Remembering the Holocaust is about reminding ourselves how quickly verbal racism and anti-Semitism can turn into acts of murder.
On 29 and 30 September 1941, in less than 36 hours, SS units shot dead more than 33,000 Jews at a ravine near Kiev. Since then, the name ‘Babi Yar’ is a synonym for one of the worst massacres ever committed in the history of mankind.
In the two weeks following this atrocity, a further 18,000 men, women and children were murdered at that site. For the Nazi regime, the massacre was a test case for the implementation of the plan to exterminate European Jewry, a plan that was formally approved a few months later at the Wannsee Conference.
Babi Yar had been prepared meticulously. It involved not only special SS killing units, but also regular German army units, as well as allied Ukrainian groups.All of them were an integral part in the planning and execution of this massacre.
On 28 September 1941, notices were posted across Kiev calling on the city’s Jews to present themselves the following day with identification documents, money and valuables, and warm clothing, in order to be evacuated. Anyone refusing to follow the order was to be executed.
The previous day, more than 100,000 rounds of ammunition from Wehrmacht stocks had arrived in Kiev. Nonetheless, the Germans expected that only a few thousand of the remaining 50,000 Jews (the remainder had fled before the German troops arrived) in the city would show up, but more than 30,000 did. They did so in the hope to be resettled and thus survive.

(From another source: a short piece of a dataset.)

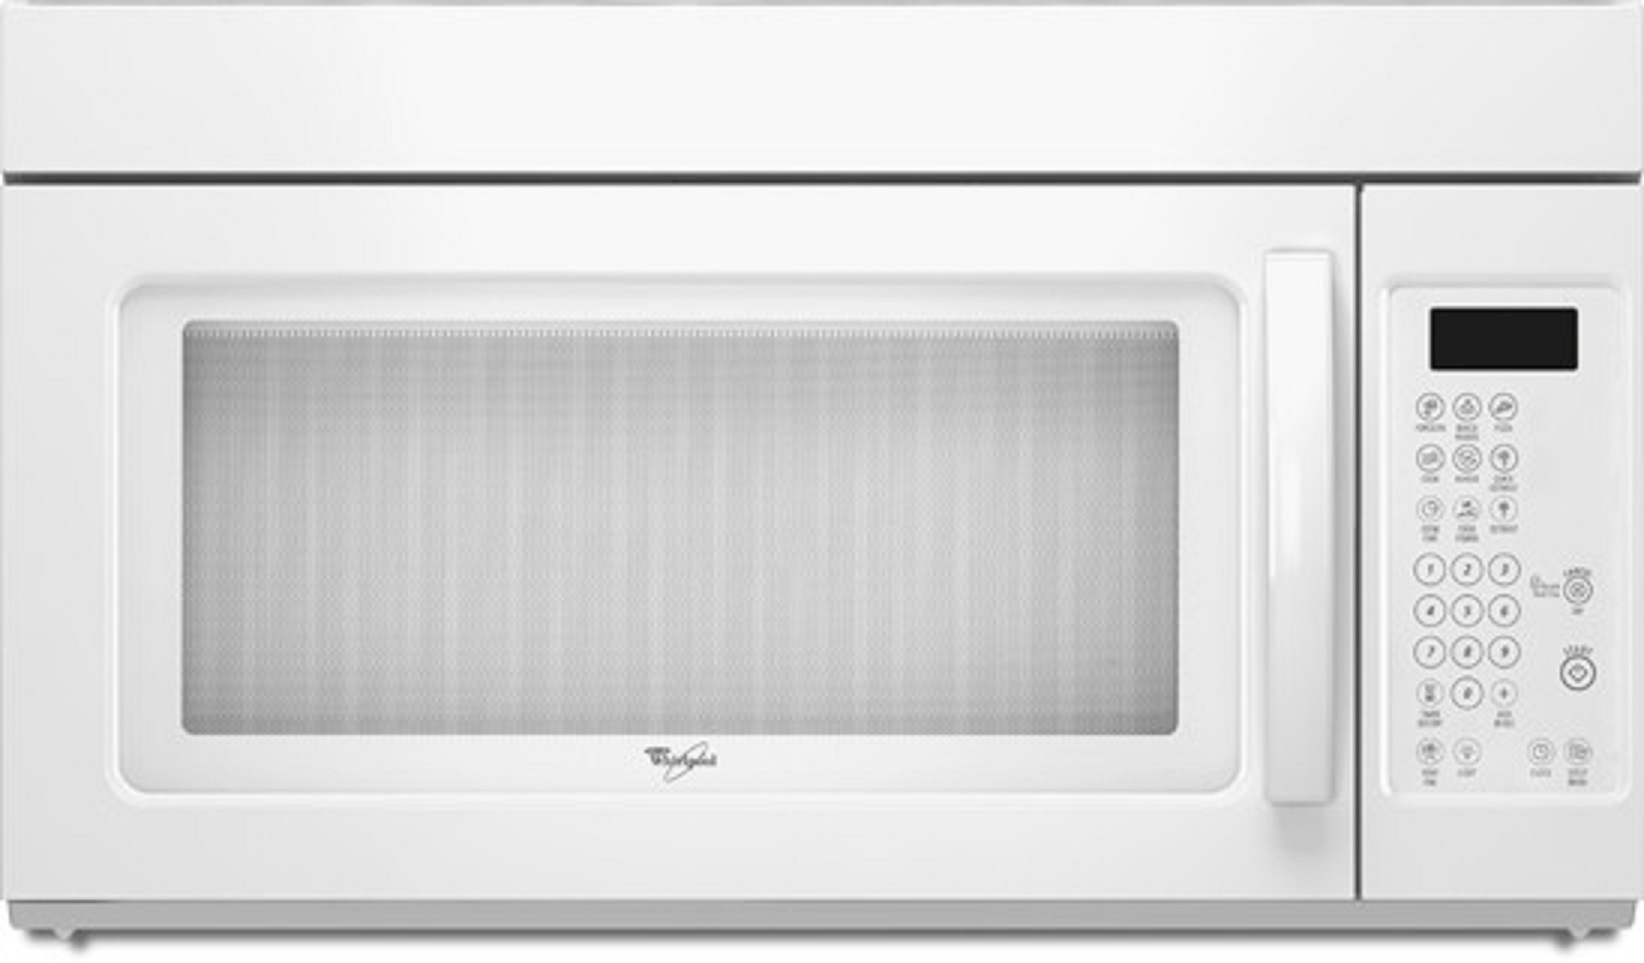 Whirlpool WMH1163XVQ 30 Inch Over the Range Microwave Oven White

However, the Germans had something else in mind.
After being stripped of all their belongings and clothes, thousands were led into the ravine, which is located next to an old Jewish cemetery, and shot dead.

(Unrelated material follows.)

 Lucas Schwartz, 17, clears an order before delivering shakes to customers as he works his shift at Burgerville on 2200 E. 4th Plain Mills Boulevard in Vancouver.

The Babi Yar survivor Dina Pronicheva remembered the scene: “We were surrounded by fascists with submachine guns, Ukrainian policemen, and ferocious dogs who were ready to tear a human being to pieces. And then, I could not leave my mother alone. I embraced her, burst into tears but was unable to leave her. Mother pushed me away and yelled ‘Hurry!’”
The corpses stacked up in layers; the scene must have been unspeakably gruesome. But the slaughter continued for 36 hours. At the same time, the killers kept exact records. In an “event report” to the SS leadership in Berlin dated 1 October 1941, 33,771 Jews were reported to have been liquidated.
The mass murder went like clockwork. The Wehrmacht, the regular German army, also played along.
Less than 30 people survived the slaughter. Dina Pronicheva was one of them. She had fallen into the pit before a bullet could hit her, and after nightfall she was able to able to crawl out of the huge heap of corpses, which had already been covered with sand.
Another survivor recalled: “The bodies of old men rested on the bodies of children, who lay on the bodies of their dead mothers.”
Even for the hardened killers of the SS, what had happened at Babi Yar was too horrible to reveal to the public, and the Germans later tried to conceal their atrocious crime by forcing laborers to exhume the bodies in order to burn them. But the massacre had been too big to conceal.
Where Anti-Semitism Can Lead
More and more people question the purpose of such memorials. Others ask: Shouldn’t we rather focus on what’s happening today, in Syria, in Iraq, and in many other places around the world?
Has Holocaust remembrance become dispensible? Have the Germans, and the world, learned the lessons of the murder of six million Jews? Do we still need such official acts of remembrance? We do.
To be clear: Remembering these crimes is not a ritual, or even a way to put an entire people in the dock.
Remembering the Holocaust is about reminding ourselves how quickly verbal racism and anti-Semitism can turn into acts of murder. It took the Nazis only a few years to turn people into well-functioning serial killers. The fanatical hatred of Jews with which they had been imbued worked very quickly.
Where the history of the Holocaust is not taught in schools, or where the Holocaust is even questioned by government officials, indoctrinating people with hatred against Jews and other minorities is much easier.
Very few people are now left who can still tell us about what they went through during World War II. Therefore, we need official acts of remembrance because they send an important signal.
The remembrance of the Shoah and other crimes must remain a key element in the education of young people. Of course, it’s not necessary to focus only on the negative aspects of one’s past, and the positive ones deserve to be highlighted.
And yet, in a nation or a society that is conscious of its past crimes, it is much harder for fanatics to incite people to commit mass murder.
Last year, the 70th anniversary of the liberation of Auschwitz-Birkenau was marked. There was huge media interest, and it was probably the biggest act of Holocaust remembrance ever held. This was important.
It may be inconvenient to state, but not everybody has learned the lessons of this horrible time. Some even try to glorify war criminals of that time as national heroes.
That is the reason why we need more, and not less remembrance.
It is important that we don’t consign the Holocaust to the history books and slowly forget about it.
If we do, if may come back at some stage. That, by the way, does not only apply to Germany or to Ukraine, but to all countries.